Accompanying the accelerated rollout is also a hardening propaganda campaign that increasingly links vaccination to maintaining national pride and China's place on the world stage.

"Injecting the coronavirus vaccine is not simply an option, it is the responsibility and duty of every Chinese citizen," according to a news anchor on a program broadcast on state broadcaster CCTV last week. "If we do not rely on vaccinations to consolidate our hard-earned strengths in fighting the virus, we could suddenly slide from commanding heights to troughs." The news clip has been distributed widely by community workers on chat groups to convince people to get vaccinated.

To achieve its goals, China is calling on its 92 million Communist Party members, plus tens of millions of people employed at state-owned companies.

Some party members have been summoned to meetings where they've been told to get shots as soon as possible to set an example, according to people familiar with the matter. At one such meeting in Beijing, cadres were told they had to get vaccinated unless they got a medical exemption.

Employees of at least three state-owned banks and at least one major university who would not speak on the record said that staff have been repeatedly urged to get vaccinated, and had to provide an official reason if they declined.

The information office of China's State Council didn't respond to requests for comment. The State-owned Assets Supervision and Administration Commission, or SASAC, which oversees China's government-run companies, didn't immediately respond to a fax seeking comment.

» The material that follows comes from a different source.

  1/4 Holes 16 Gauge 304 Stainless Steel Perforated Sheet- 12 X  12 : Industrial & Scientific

"We've seen populations of entire cities queue up and be tested within a few days, and the same kind of infrastructure could be used for mass vaccination," said Benjamin Cowling, head of epidemiology and biostatistics at the University of Hong Kong.

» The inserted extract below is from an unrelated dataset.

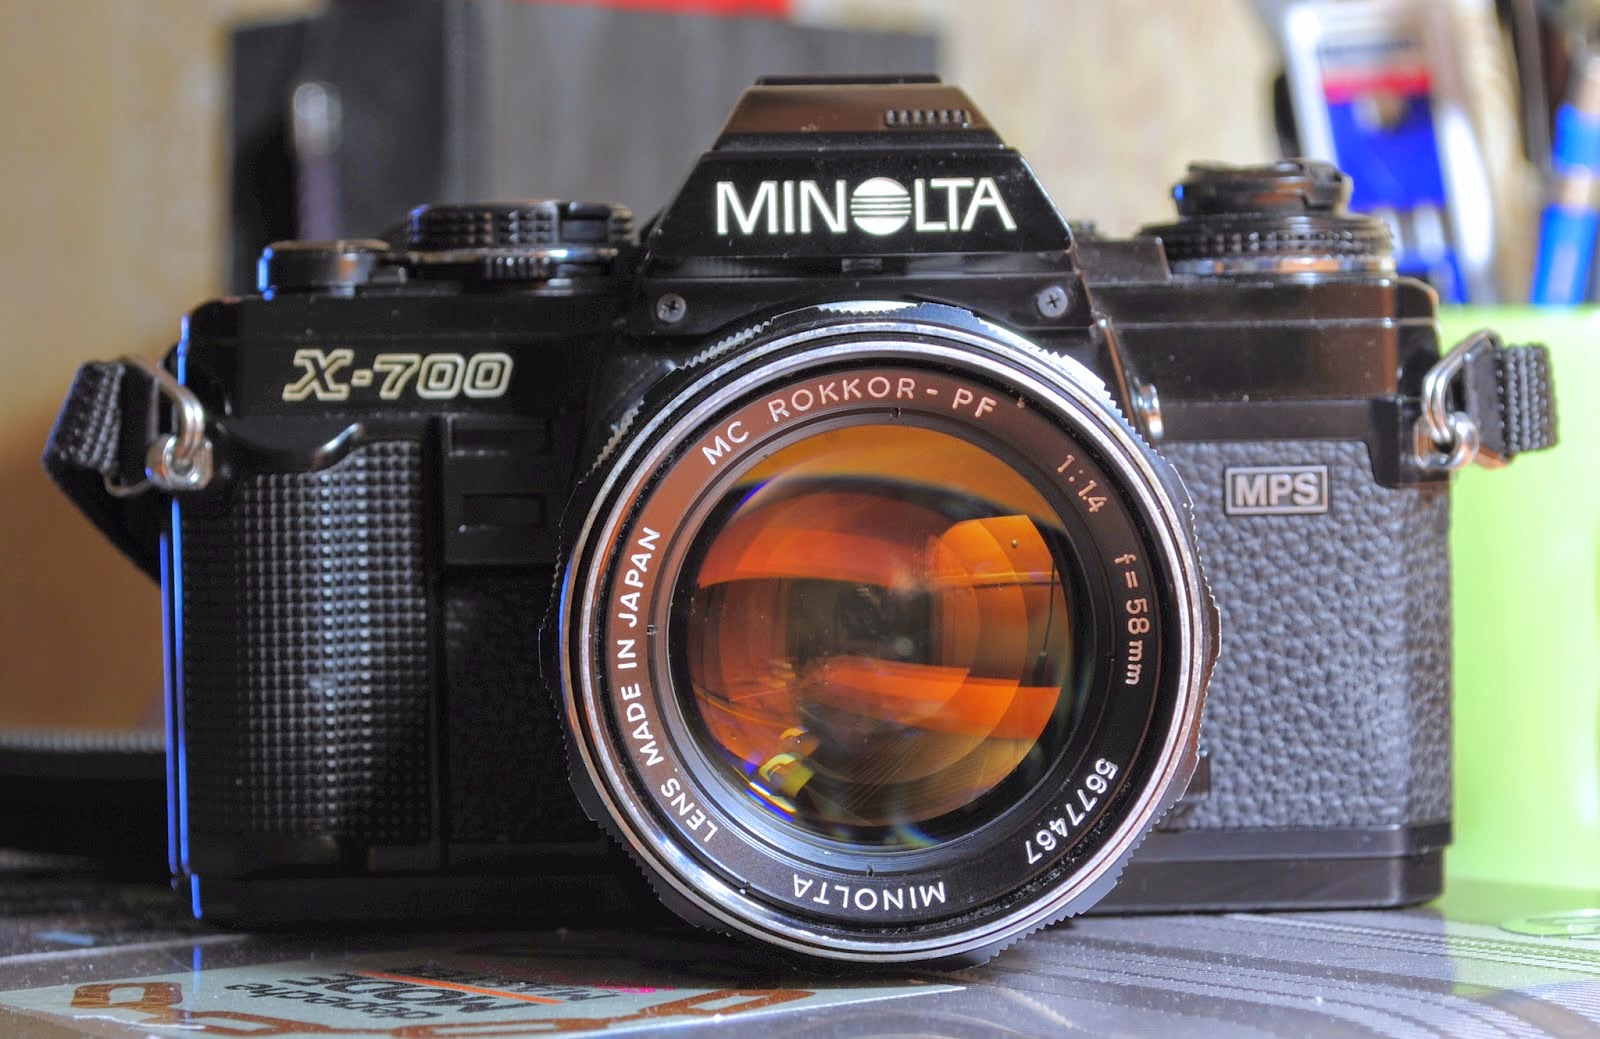 Felix G Photography: My First Film Camera, Minolta X-700

Indeed, China has experience in getting vaccination on such a large scale accomplished in the past. In 2010, the government launched a measles inoculation blitz, giving out 100 million doses to children around the country in 10 days to quell a resurgence in the disease.

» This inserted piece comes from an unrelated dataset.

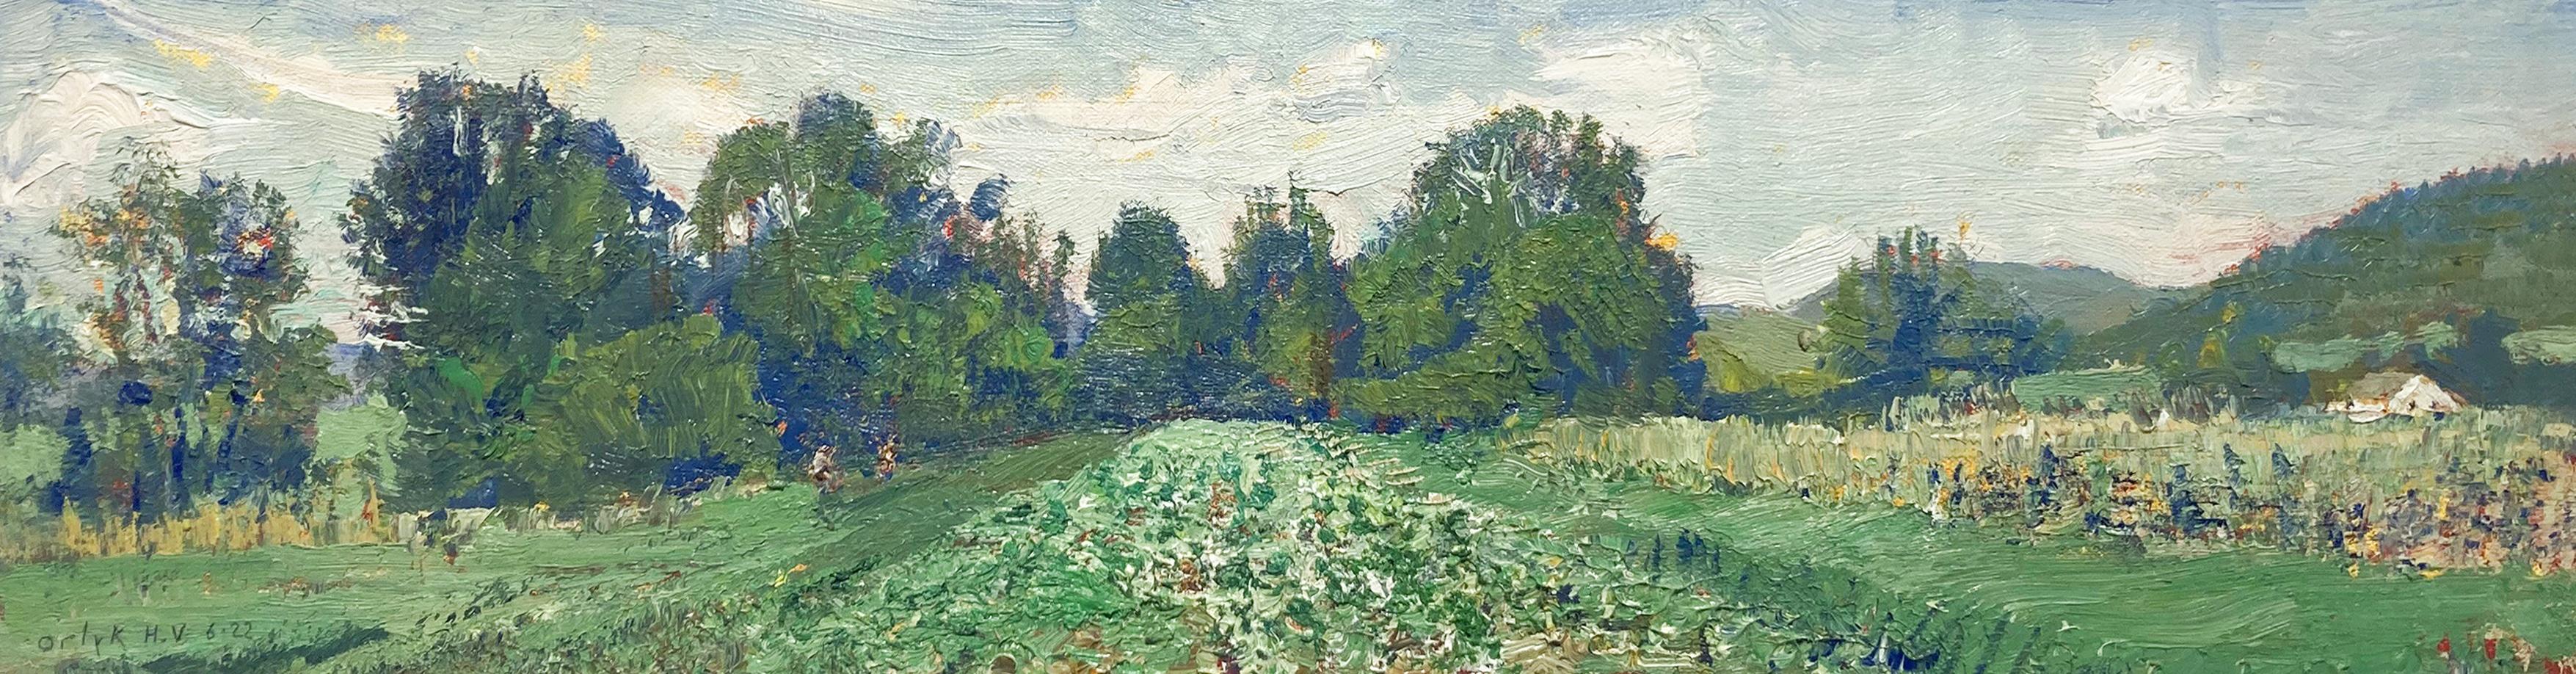 Truehart's (Impressionist Rural En Plein Air Landscape, Country Farm Fields) - Painting by Harry Orlyk

The question is whether the current approach, comprising of small incentives and societal and peer pressure, can get China's vaccination numbers sufficiently high enough in the face of widespread vaccine hesitancy.

Observers expect officials may need to escalate incentives, for example using punitive measure like restricting the movement of people who haven't been inoculated.

Cowling said that the government could further link vaccination status with the existing health code system, which allows vaccinated people to travel more easily and perhaps be exempt from some quarantine policies.

Some local officials are already escalating measures: a city in Hainan province put out posters warning that if people didn't get vaccinated they would be blacklisted, and barred from public transport, receiving government subsidies and other benefits. The city government later apologized for the harshness of the notice and rescinded the rules.

Lin Liwei, 35, a migrant worker in Beijing, is waiting to receive her second dose of the vaccine. Lin fears that she wouldn't be allowed to board a train to return home to Inner Mongolia if she isn't inoculated.

"If you're not vaccinated, you're out," said Lin.

For the time being, the government is still waiting to see how far the existing approach can get them in the vaccination drive, said Seton Hall's Huang. It could ultimately move to make vaccines compulsory, as some other countries like Indonesia have done.

"I don't think China would mind eventually making vaccination mandatory considering they have implemented far more draconian measures," said Huang. "As long as you have the vaccine supply and the ability to widely administer shots, it won't be a problem to make vaccination an obligation."